The kind of success you want to see in your life is success in what you are passionate about, not success in every nitty gritty task. It is success in what you love. To achieve that, you need to quit the things you are not passionate about so that you work on things you ARE passionate about — your big rocks. Quitting helps you to take control of your time so that you can achieve your definition of success. If you spend all your time doing things you dislike and putting off the things you love, you are never going to see your passions come to fruition, ever.

Misconception #4: Quitting means you lack perseverance or discipline

Sure, sticking in a task you dislike can help you strengthen skills like perseverance, self-discipline, etc. But these are same soft skills that can be cultivated while pursuing any other goal. Every task we undertake tests a certain facet of our skills. Everything we do has its own set of challenges. Strengthening these skills are not exclusive to this task you are holding on to.

In fact, it is by pursuing what you really love that you become the best person you can be. When you are driven by love, you will be motivated to tackle the biggest obstacles. Being motivated by passion makes you want to do your best and achieve your highest potential.

Misconception #5: Quitting means you are unclear about what you want

Quite the opposite. Conscious quitting occurs because you know precisely what you want. You can’t quit unless you know what you want. This isn’t fickle; this is about being loyal to your passion and yourself. If you choose to remain in this task despite knowing there is something else you rather be doing, that’s being fickle.

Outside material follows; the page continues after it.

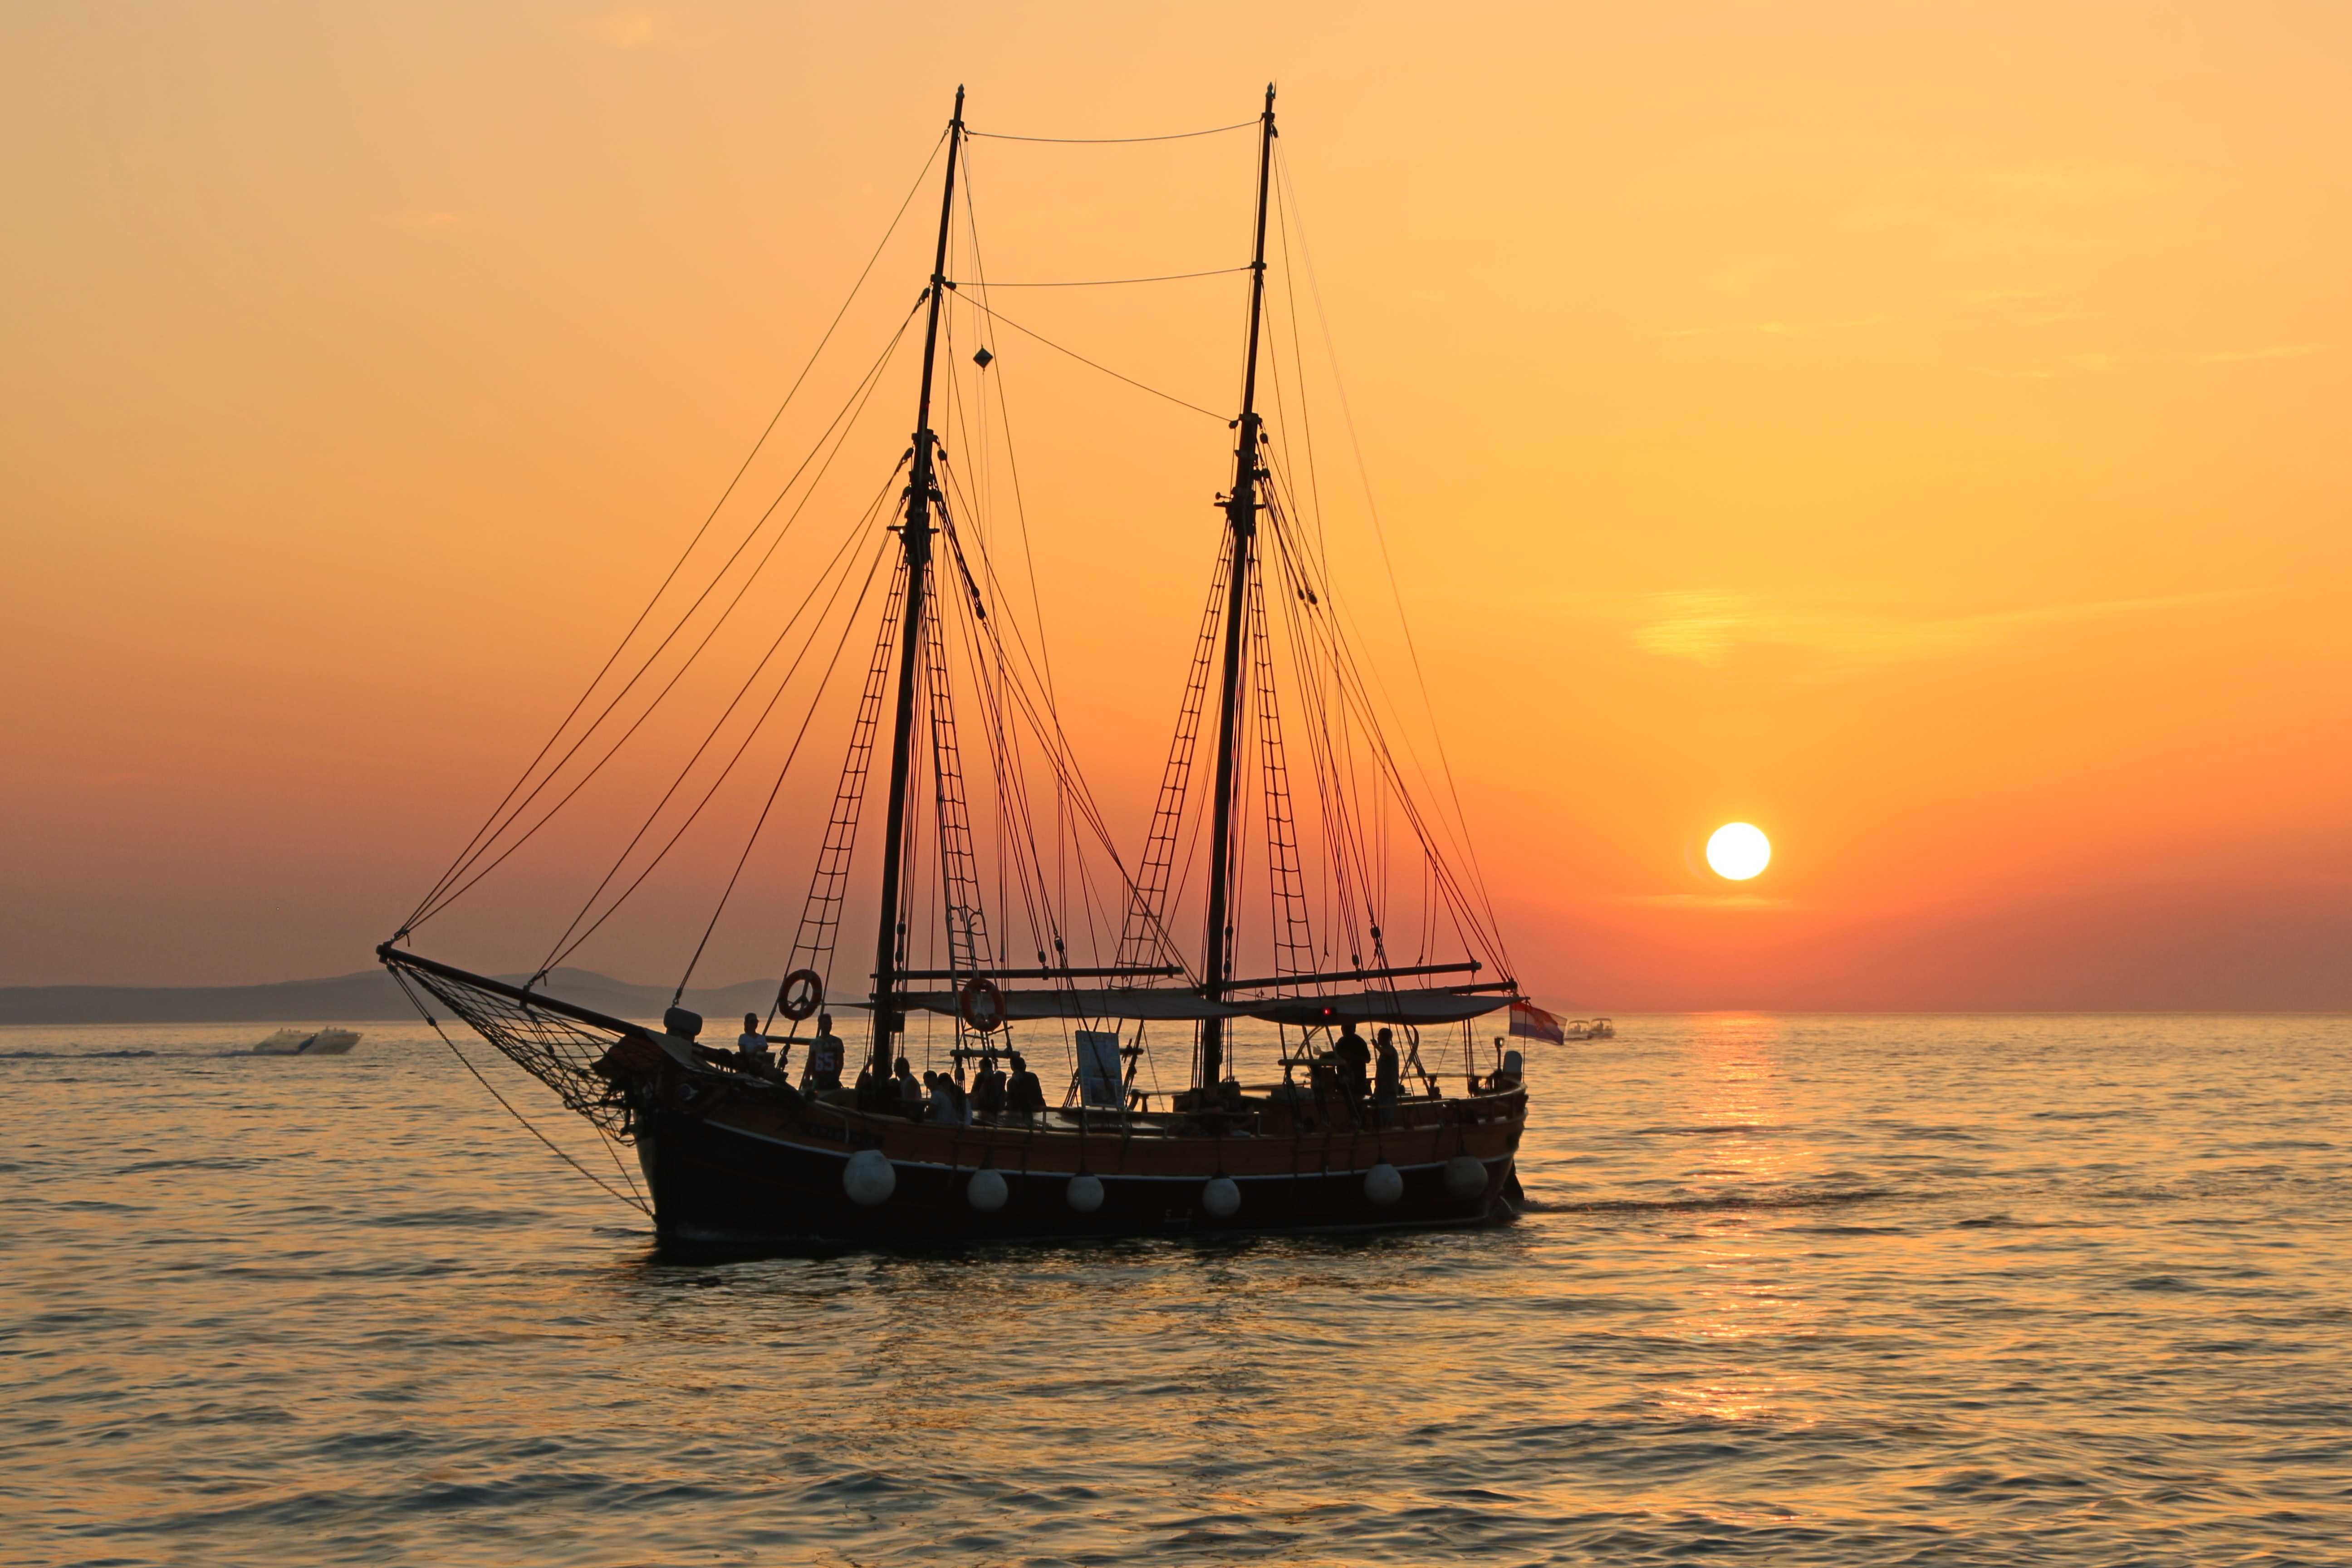 A scene of an antique ship sailing across the water, a bright orange sunset on the horizon in the background.

Misconception #6: Quitting means you waste the money and resources that have been invested in the task

The resources you have invested thus far have helped you realize that this is not for you. They are not wasted because they have helped you to learn this lesson. If you have never tried, you wouldn’t have known that this is not for you. On the other hand, if you choose to stay on after realizing that something is not for you, then that’s wasting time and money.

Quitting In My Life

There have been many times when I made the conscious decision to quit. Below are some examples:

  • I quit my job to pursue my life passion and start my coaching business.
  • I have quit business partnerships and collaborations because my partners had fundamentally different values than me.
  • I quit toxic relationships.
  • I opt out of non-constructive activities to spend time on the important things.
  • I once took a tennis course which I quit after a few lessons. After trying it out, I realized that I have no passion for the sport. Even though full payment has been made and my payment was non-refundable, I felt that continuing with the lessons was a bigger waste in terms of my time.

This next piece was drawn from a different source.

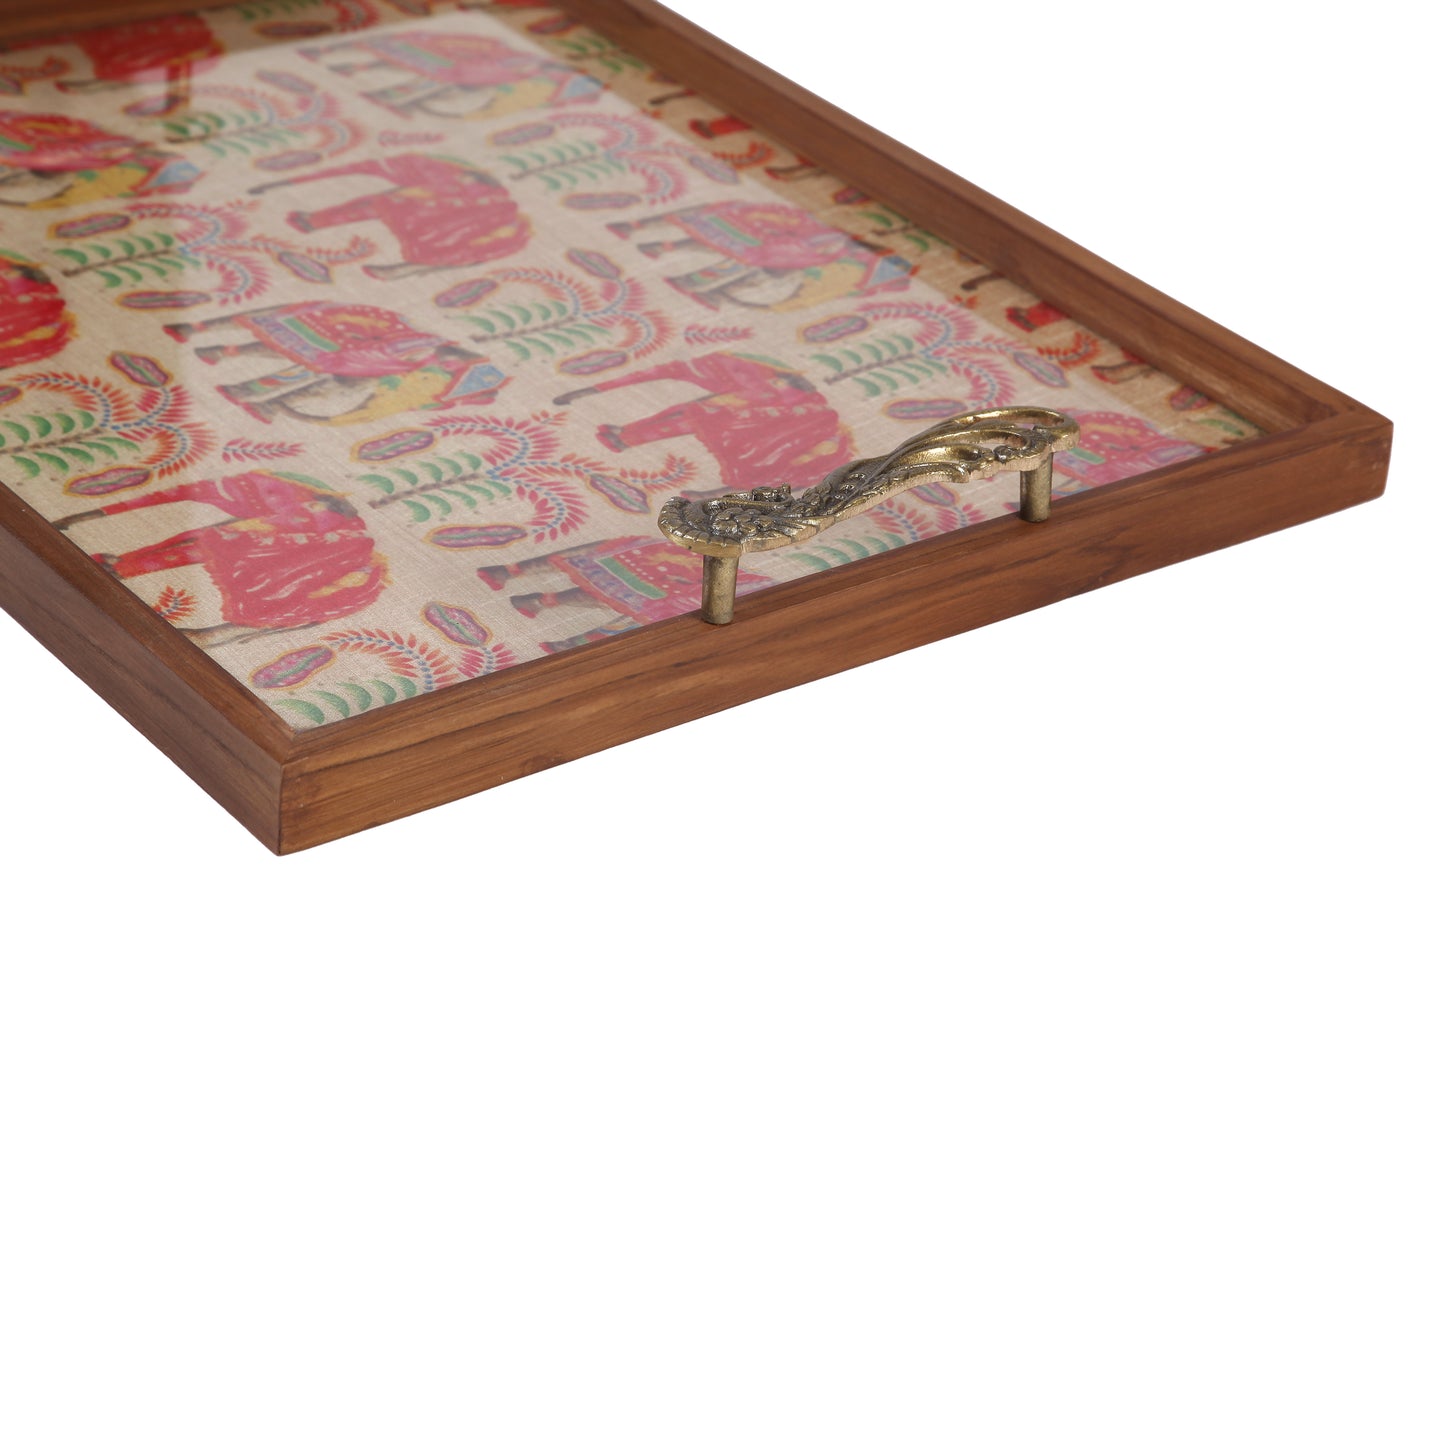 A Tiny Mistake Multicolour Elephant Print Teak Tray with Brass Handle Big Serving Tray

Conscious quitting has helped me live a much more fulfilling life than if I had not quit.

Quitting To Win

What are the things you should quit today to win big? Some examples:

As the CEO of your life, you need to make hard decisions on what to cut out so that you can focus on your big rocks. Real life CEOs face that every day, making tough calls on which divisions to sell, who to lay off, products to discontinue, etc. so that the company’s resources can be channeled into the most important areas to generate long-term success.

How about you? What are the hard decisions in your life? Are you lingering on in negative relationships or pointless engagements? What do you need to quit today to make way for the important things?